Now, if you treat your priors as posteriors that are conditional on a sample of random observations and arguments you’ve been exposed to or thought of yourself, you’d similarly find a bias towards interventions with “lucky” observations and arguments. For the intervention you do select compared to an intervention chosen at random, you’re more likely to have been convinced by poor arguments that support it and less likely to have seen good arguments against it, regardless of the intervention’s actual merits, and this bias increases the more interventions you consider. The solution supported by Proposition 2 doesn’t correct for the number of interventions under consideration.

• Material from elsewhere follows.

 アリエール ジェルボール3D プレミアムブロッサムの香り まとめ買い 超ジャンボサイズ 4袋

comment by kbog · 2019-04-21T04:18:23.349Z · score: 4 (2 votes) · EA · GW
It doesn’t actually tell you that your posterior distributions will tend to better predict values you will later measure in the real world (e.g. by checking if they fall in your 95% credence intervals), because there need not be any connection between your models or priors and the real world.

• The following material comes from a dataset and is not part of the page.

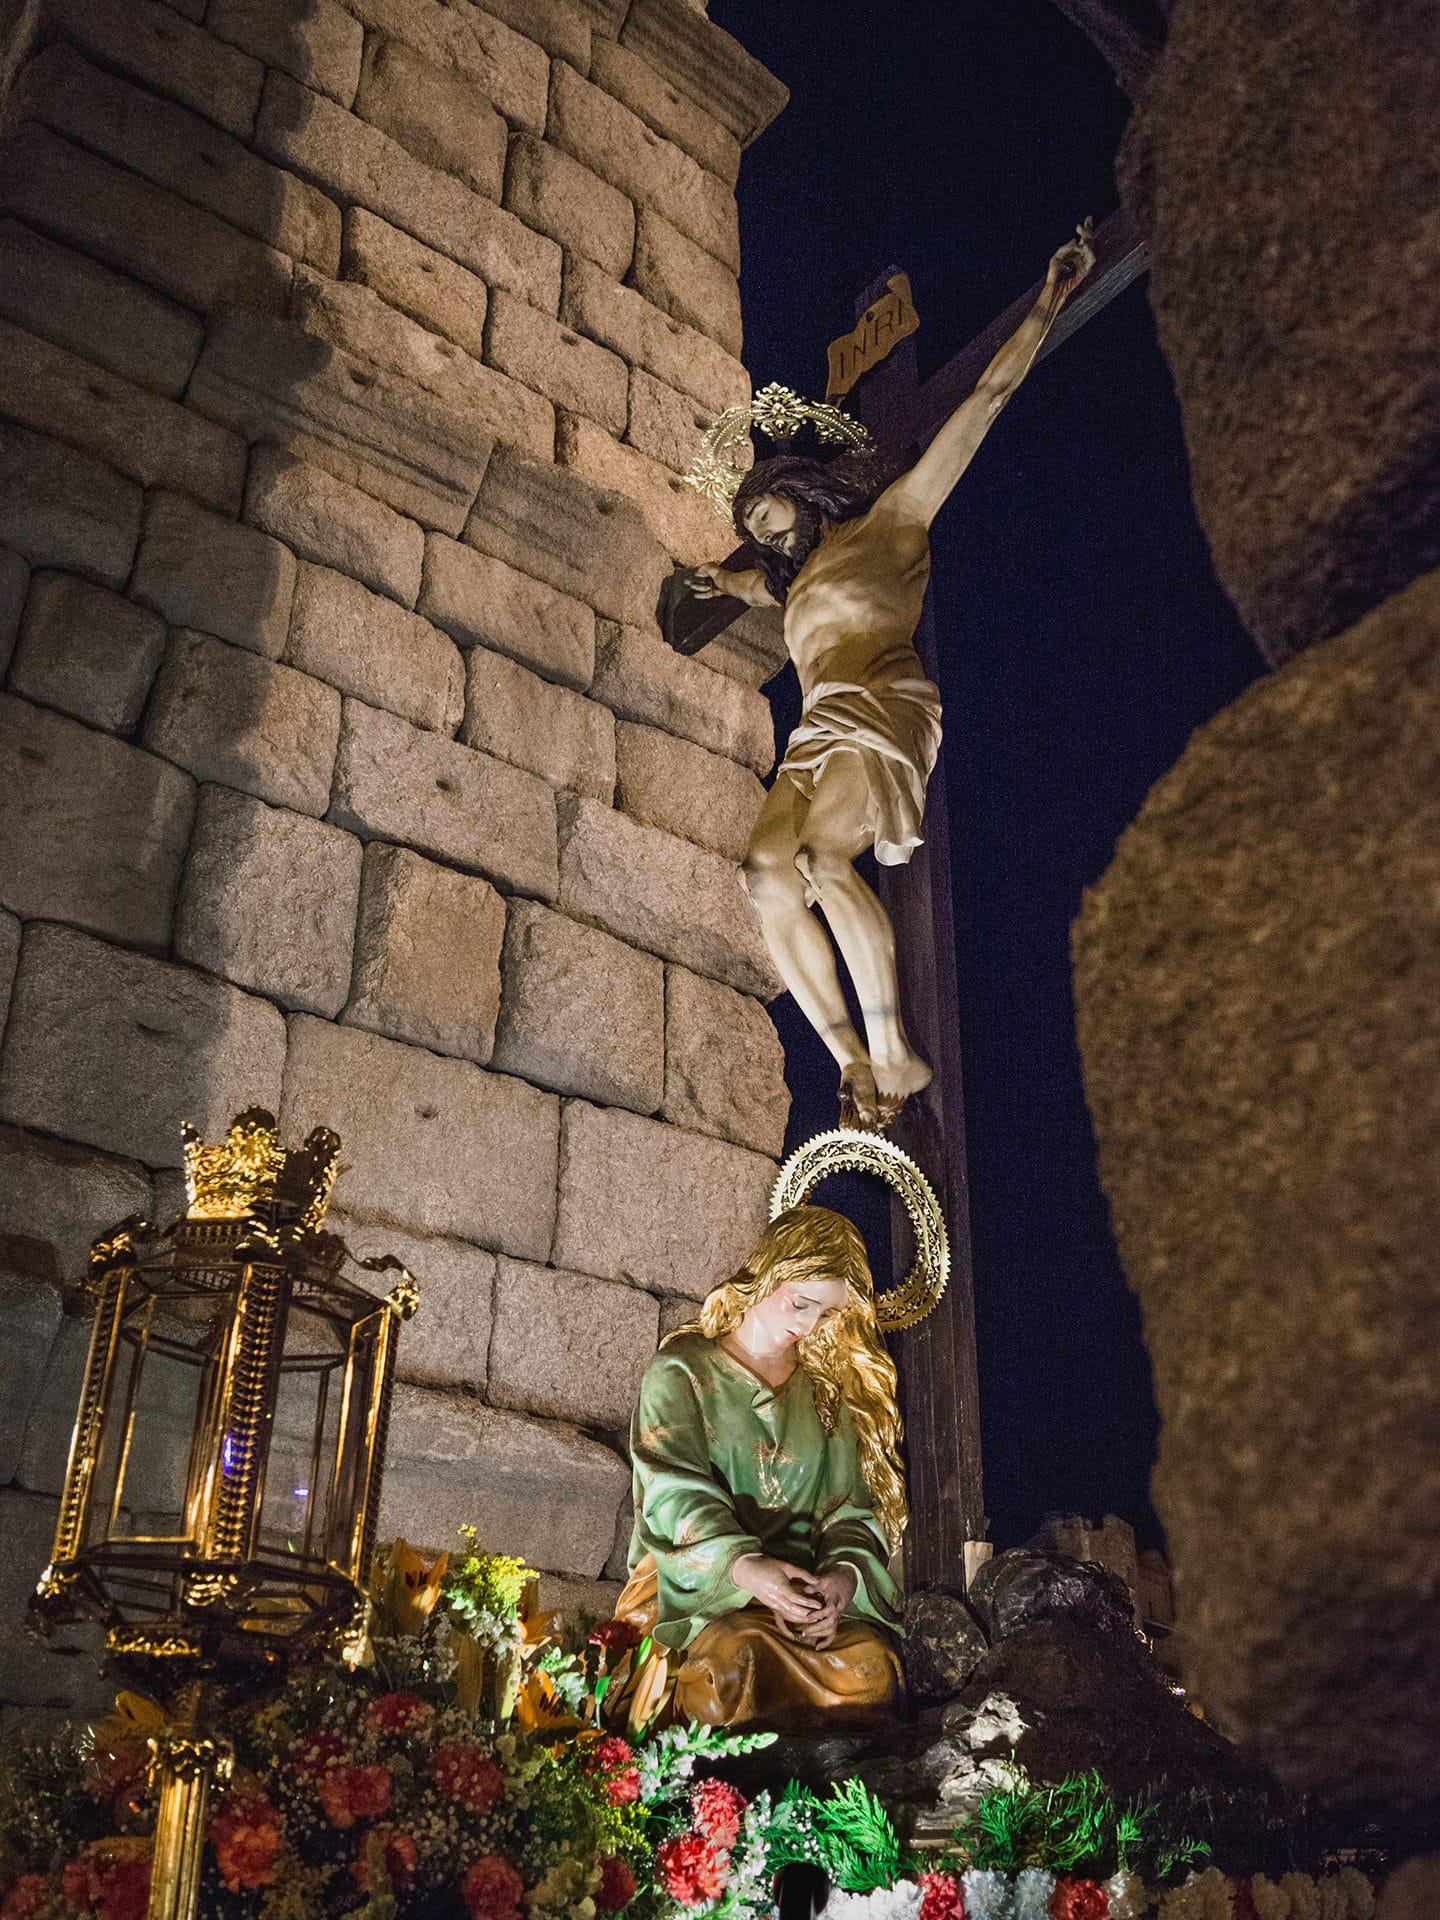 magdalena a los pies de la cruz, san jose, cofra. la piedad, viernes santo, Segovia (Manu Rodrigo)

This is an issue of the models and priors. If your models and priors are not right... then you should update over your priors and use better models. Of course they can still be wrong... but that's true of all beliefs, all reasoning, etc.

you will tend to find the posterior EV of your chosen coin to be greater than 1/2, but since the coins are actually fair, your estimate will be too high more than half of the time on average.

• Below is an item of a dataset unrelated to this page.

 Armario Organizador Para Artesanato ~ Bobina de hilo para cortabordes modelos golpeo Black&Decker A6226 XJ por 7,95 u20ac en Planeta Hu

If you assume from the outside (unbeknownst to the agent) that they are all fair, then you're not showing a problem with the agent's reasoning, you're just using relevant information which they lack.

you could have a uniform prior on the true future long-run average frequency of heads for the unbiased coins

My prior would not be uniform, it would be 0.5! What else could "unbiased coins" mean? This solves the problem, because then a coin with few head flips and zero tail flips will always have posterior of p > 0.5.

If you build enough models each trial, you might find the models you select are actually overfitting to the validation set (memorizing it), sometimes to the point that the models with highest validation accuracy will tend to have worse test accuracy than models with validation accuracy in a lower interval.

In this case we have a prior expectation that simpler models are more likely to be effective.

Do we have a prior expectation that one kind of charity is better? Well if so, just factor that in, business as usual. I don't see the problem exactly.

3. Due to the related satisficer’s curse, when doing multiple hypothesis tests, you should adjust your p-values upward or your p-value cutoffs (false positive rate, significance level threshold) downward in specific ways to better predict replicability.
4. The satisficer’s curse also guarantees that empirical study publication based on p-value cutoffs will cause published studies to replicate less often than their p-values alone would suggest.

Bayesian EV estimation doesn't do hypothesis testing with p-value cutoffs. This is the same problem popping up in a different framework, yes it will require a different solution in that context, but they are separate.

Now, if you treat your priors as posteriors that are conditional on a sample of random observations and arguments you’ve been exposed to or thought of yourself, you’d similarly find a bias towards interventions with “lucky” observations and arguments. For the intervention you do select compared to an intervention chosen at random, you’re more likely to have been convinced by poor arguments that support it and less likely to have seen good arguments against it, regardless of the intervention’s actual merits, and this bias increases the more interventions you consider. The solution supported by Proposition 2 doesn’t correct for the number of interventions under consideration.

The proposed solution applies here too, just do (simplistic, informal) posterior EV correction for your (simplistic, informal) estimates.

Of course that's not going to be very reliable. But that's the whole point of using such simplistic, informal thinking. All kinds of rigor get sacrificed when charities are dismissed for sloppy reasons. If you think your informally-excluded charities might actually turn out to be optimal then you shouldn't be informally excluding them in the first place.